THE storm had ceased next morning, as Black John sauntered into the saloon and crossed to the bar where Old Cush had already set out bottle and glasses.

"Where's Corby?" asked the proprietor. "Ain't he comin' in fer an eye-opener?"

"No, he claims he don't never drink no licker in the mornin'. There's a few folks like that. Corporal Downey's one of 'em. You can't hold it agin' 'em. It's prob'ly their stumick, er somethin'. Downey's a damn good fella—an' so's Sam Corby."

"Seems like," admitted Cush. "But—s'pose he was lyin'?"

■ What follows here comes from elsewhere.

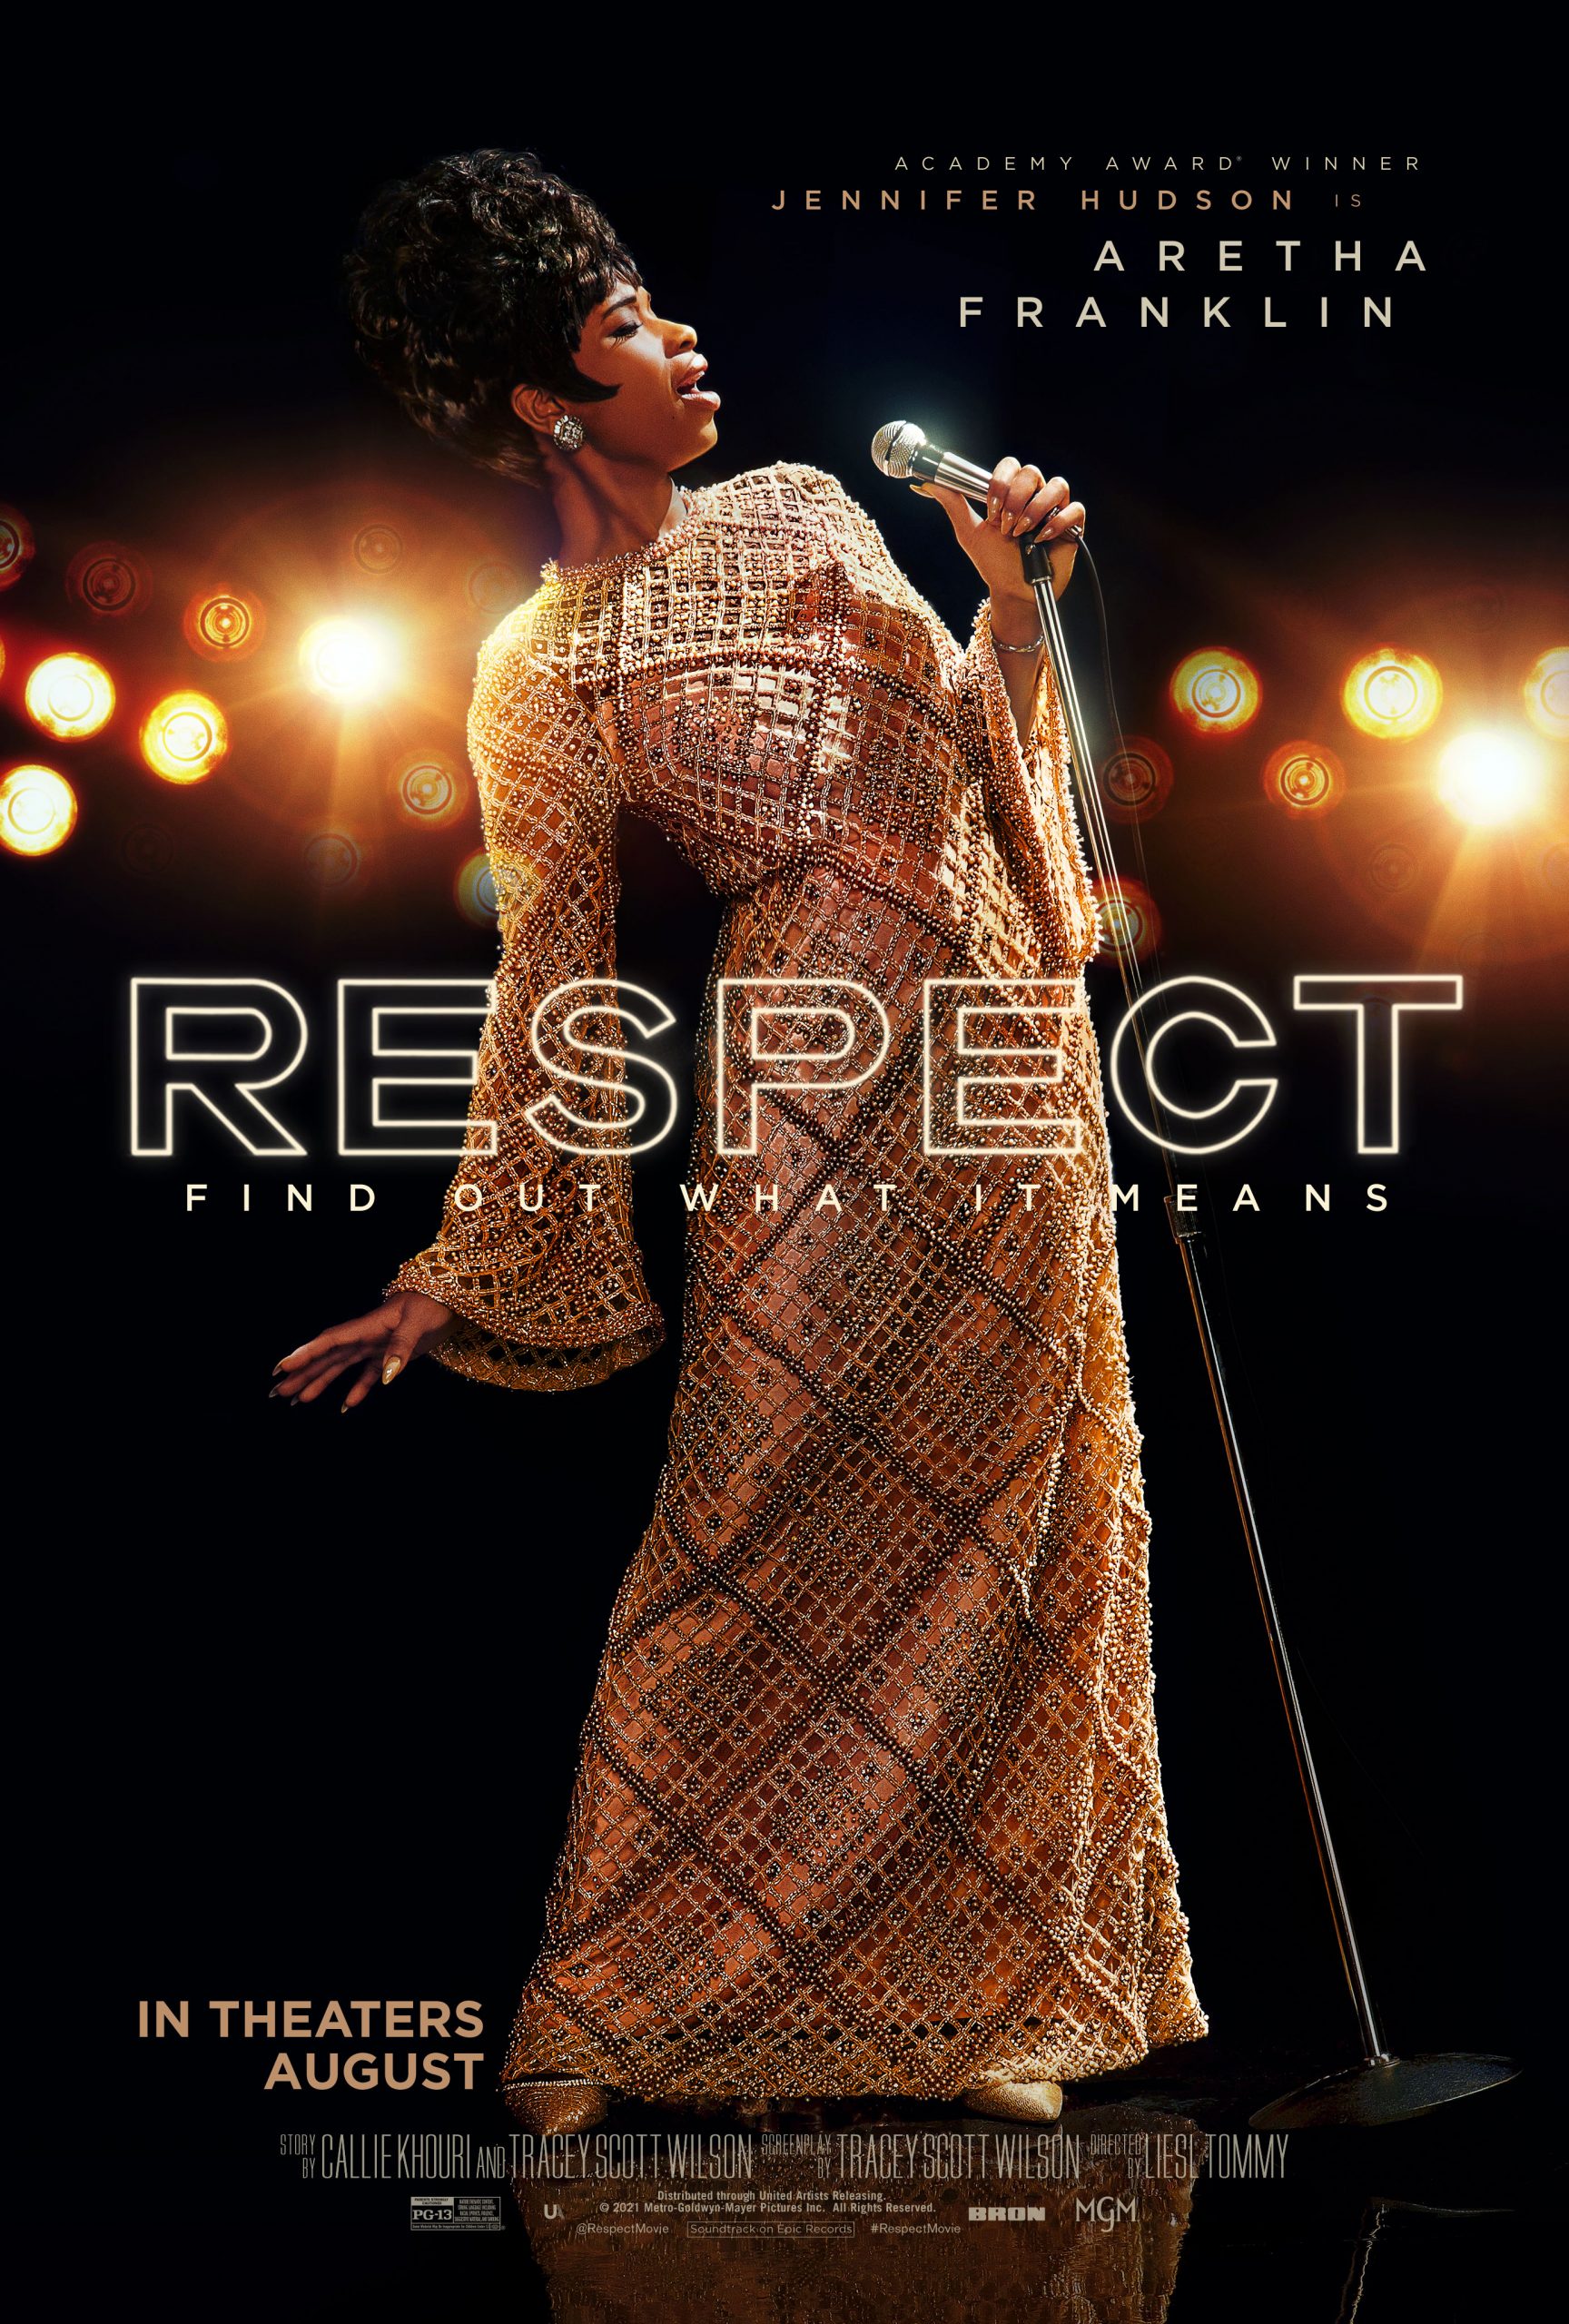 ‘Respect’ New Poster And New Film Stills, Starring Jennifer Hudson
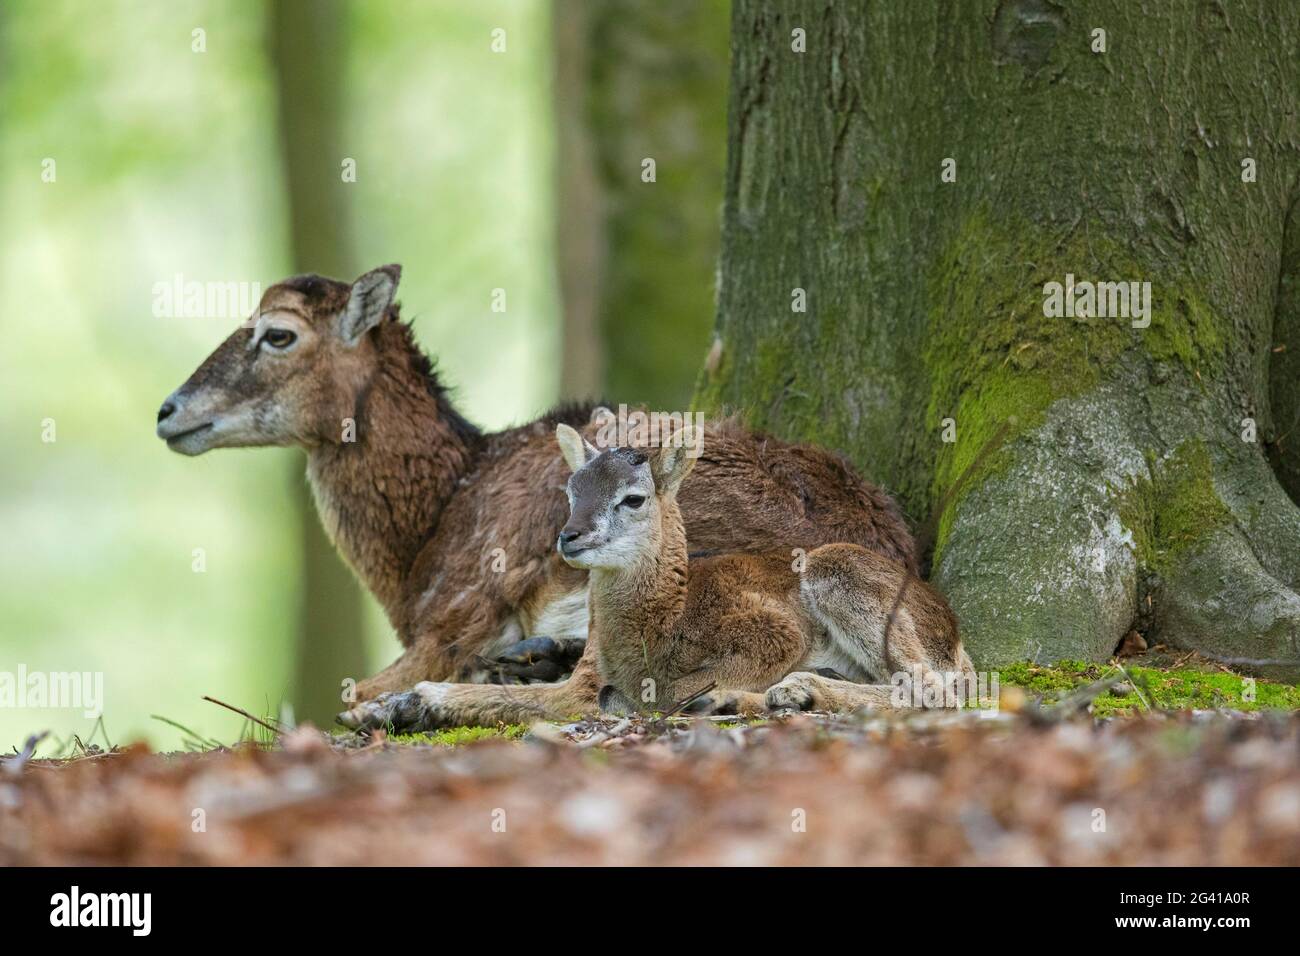 Mouflon européen (Ovis gmelini musimon / Ovis ammon / Ovis orientalis musimon) brebis / femelle avec agneau reposant en forêt au printemps Banque D'Images

"Lyin'? What would he be lyin' about?"

"Why, all that stuff he told us might be a lie. There's a robbery an' murder back there, an' fifty thousan' in bills is stole, an' here he shows up with thirty-eight thousan' in bills, an' claims Left Handed John handed it to him after sellin' his dust fer him—an' he come right out an' said how he's the one that's suspected of the robbery an' murder to start out with."

"Sam told a pretty straight story. An' he's got a good honest look about him—"

"Hell—so've you!" snorted Cush.

"Me!" exclaimed Black John, a grin twisting the corners of his lips. "Well, why the hell wouldn't I have?"

"Honest looks had ort to be took with a dose of salts—'specially on Halfaday," grunted Cush with a shrug. "As fer as I kin see, there ain't nothin' to prevent them bills from bein' the ones that was stole."

"In the first place," defended Black John, "thirty-eight thousan' ain't fifty thousan'—"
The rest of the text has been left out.